Former Balearic premier faces jail as corruption trial gets underway
Popular Party's Matas accused of embezzling public funds as well as hiring pet journalist to guarantee good press
Jaume Matas, the two-time premier of the Balearic Islands, will sit on the dock on Monday to face the first of his trials over the Palma Arena case, involving wrongdoing during the building of a cycle track in Palma de Mallorca in 2007.
Matas, who was also an environment minister with the center-right Popular Party (PP) between 2000 and 2003, faces a total of 12 criminal charges ranging from embezzlement to influence peddling, tax fraud and money laundering.
In this first trial, Matas, 57, faces eight-and-a-half years in prison for spending nearly half a million euros of public money to pay a journalist to set up a media network that would create a favorable climate for him and his administration.

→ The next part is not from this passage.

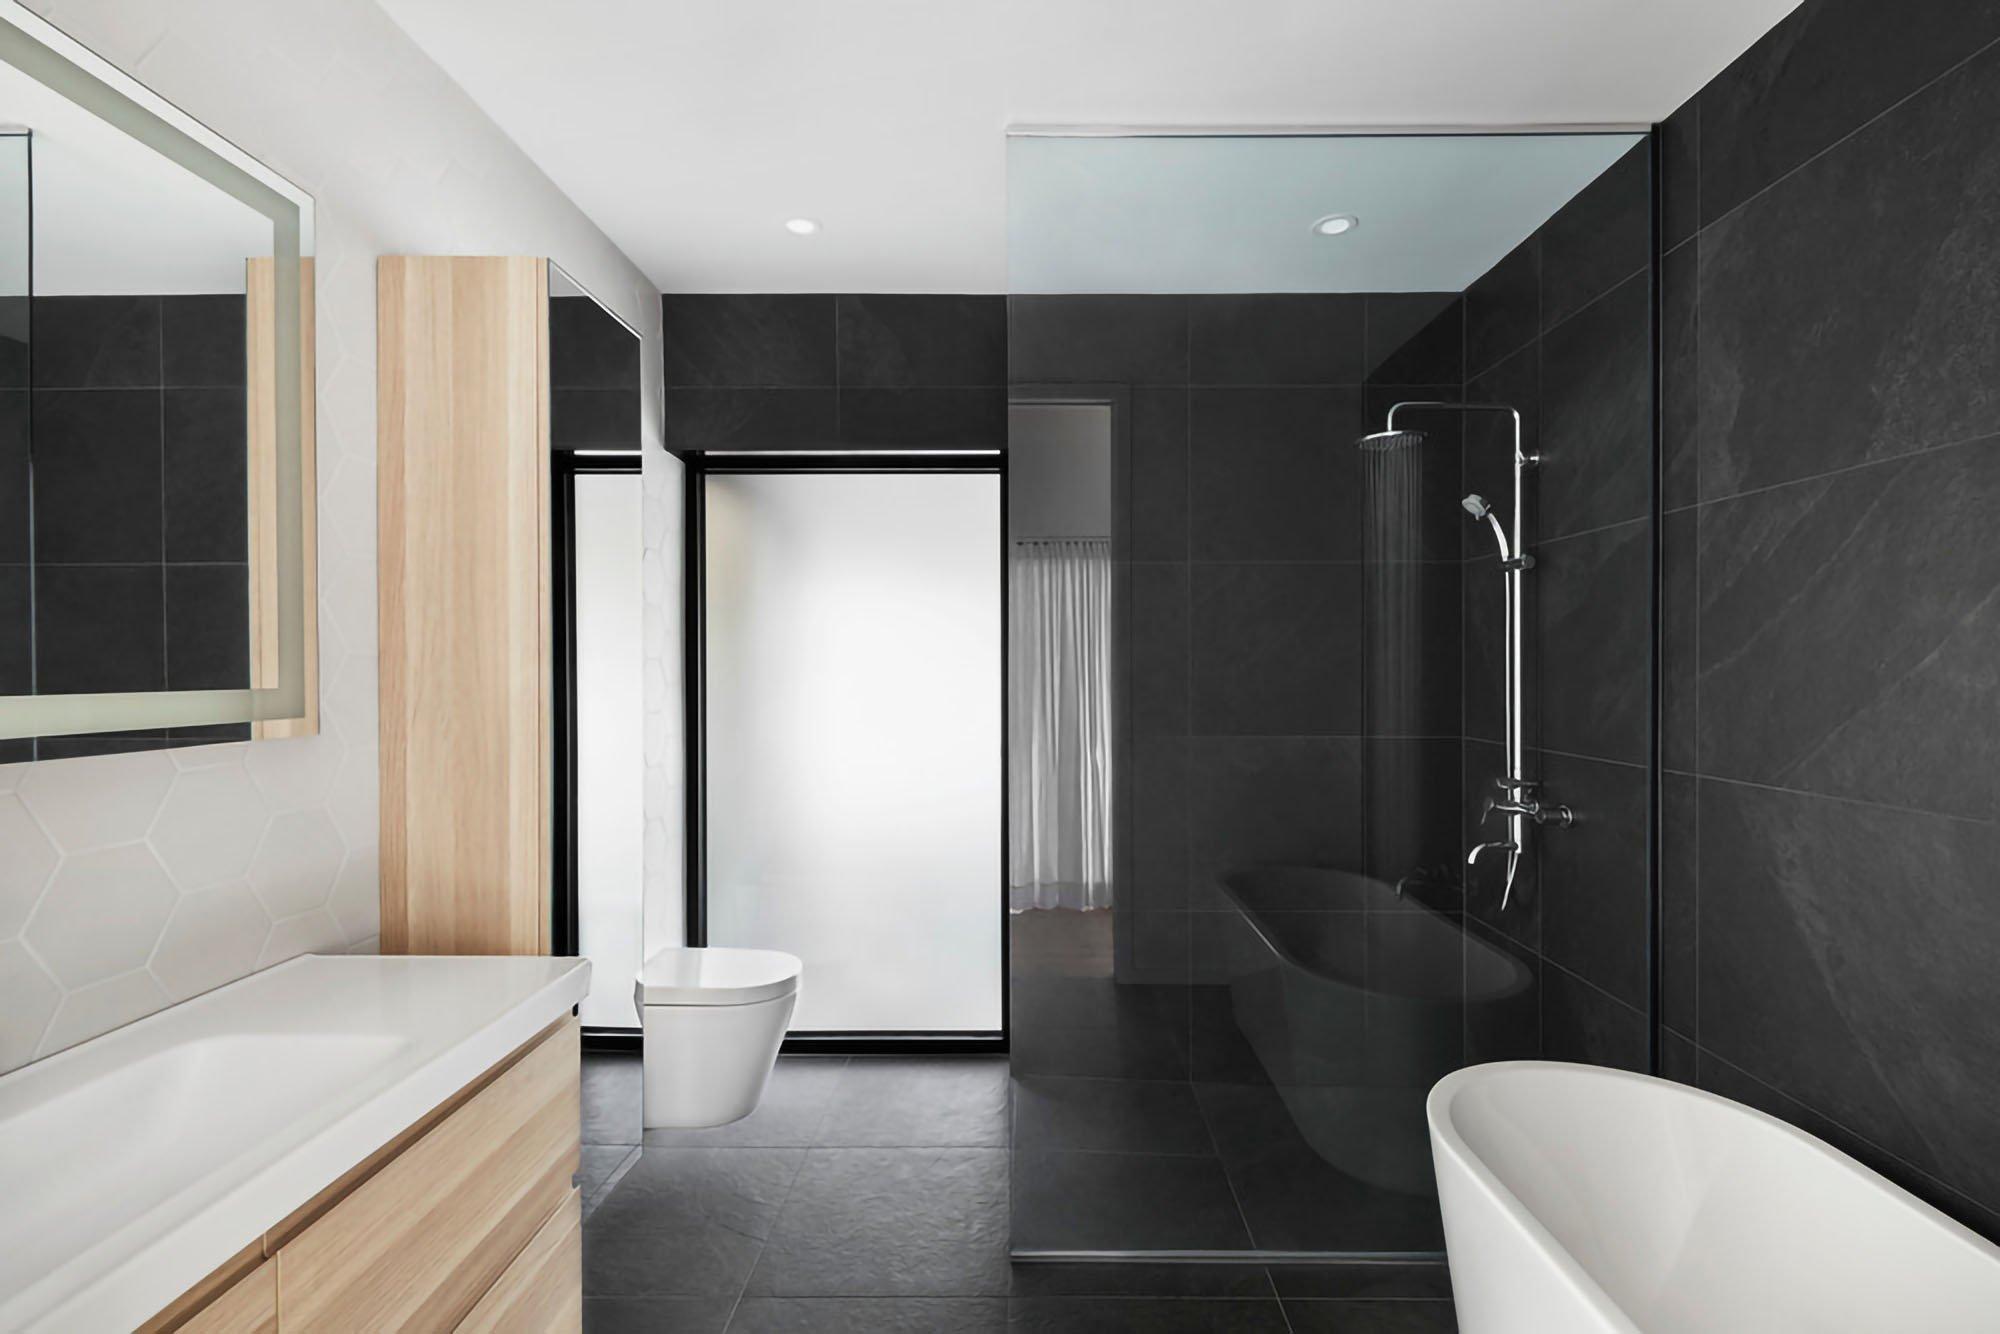 MXMA Architecture & Design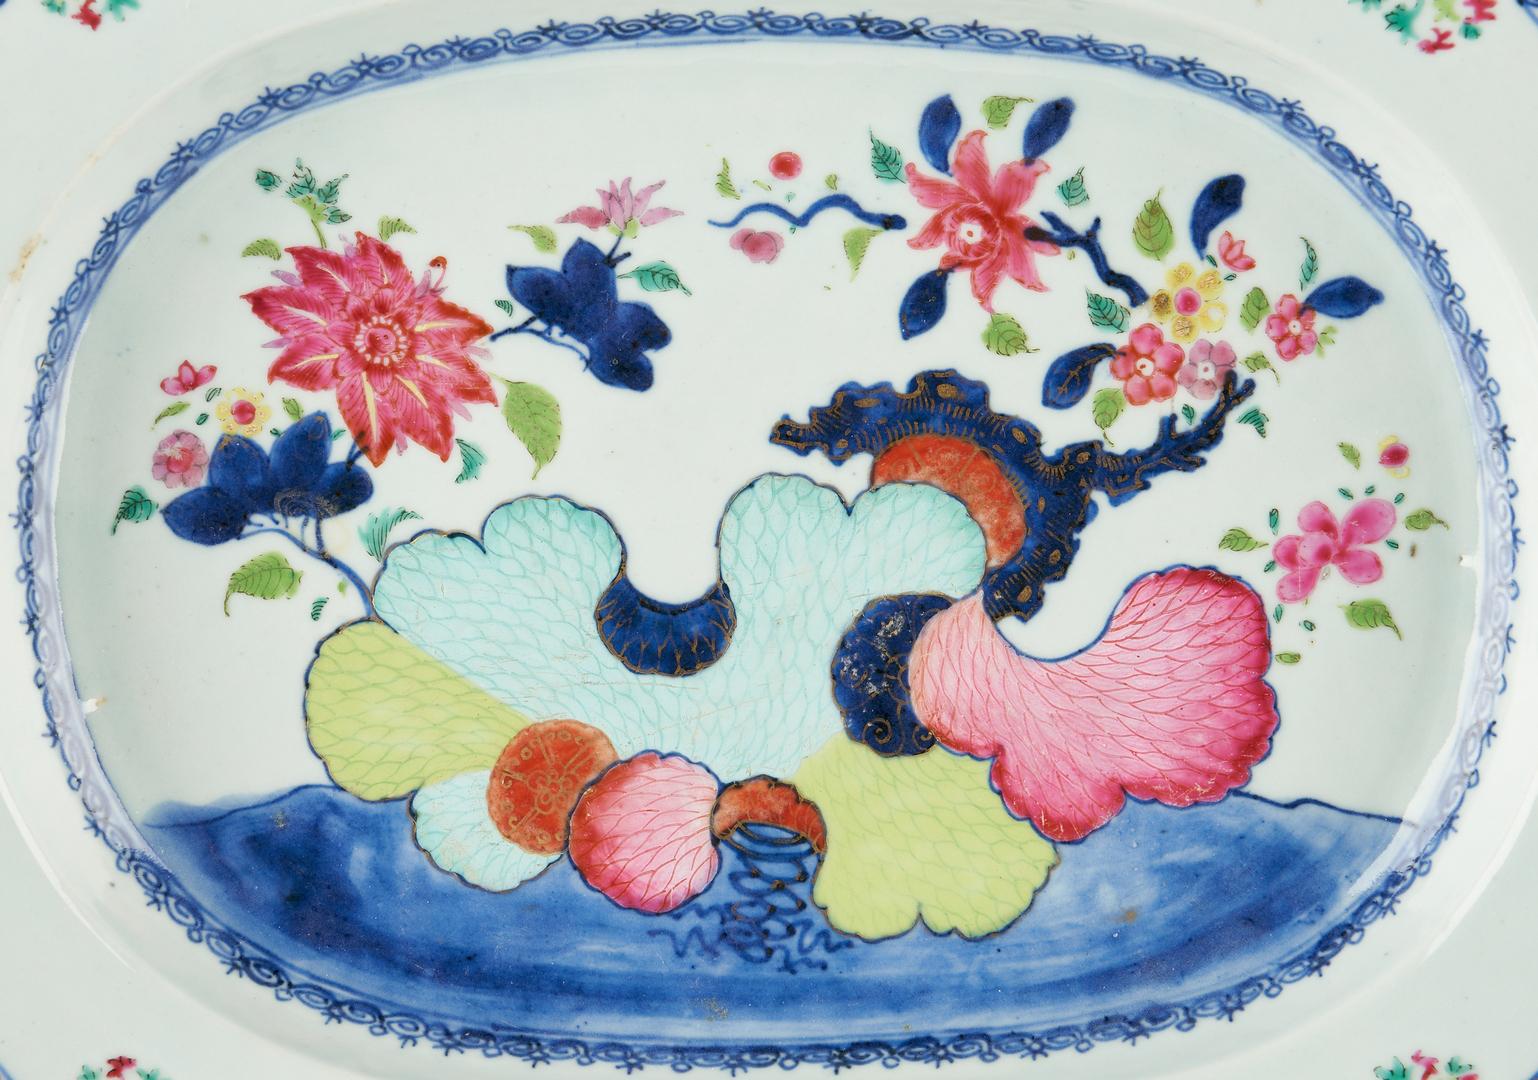 Lot 420: 2 Chinese Porcelain Lamps & Porcelain Platter, 3 items

Five other people face charges in connection with the same case, including the journalist Antonio Alemany, three former Matas aides in the Balearic government and a businessman.
Alemany allegedly wrote Matas' speeches, then hailed them in the column he wrote for the newspaper El Mundo. He also set up an online newspaper, Libertad Balear, and a news agency, Agencia Balear de Noticias, with money he received from the Balearic government without participating in open competitions for the contracts. The attorney accuses Matas of "bypassing legal channels to pay Alemany undercover" through a front company.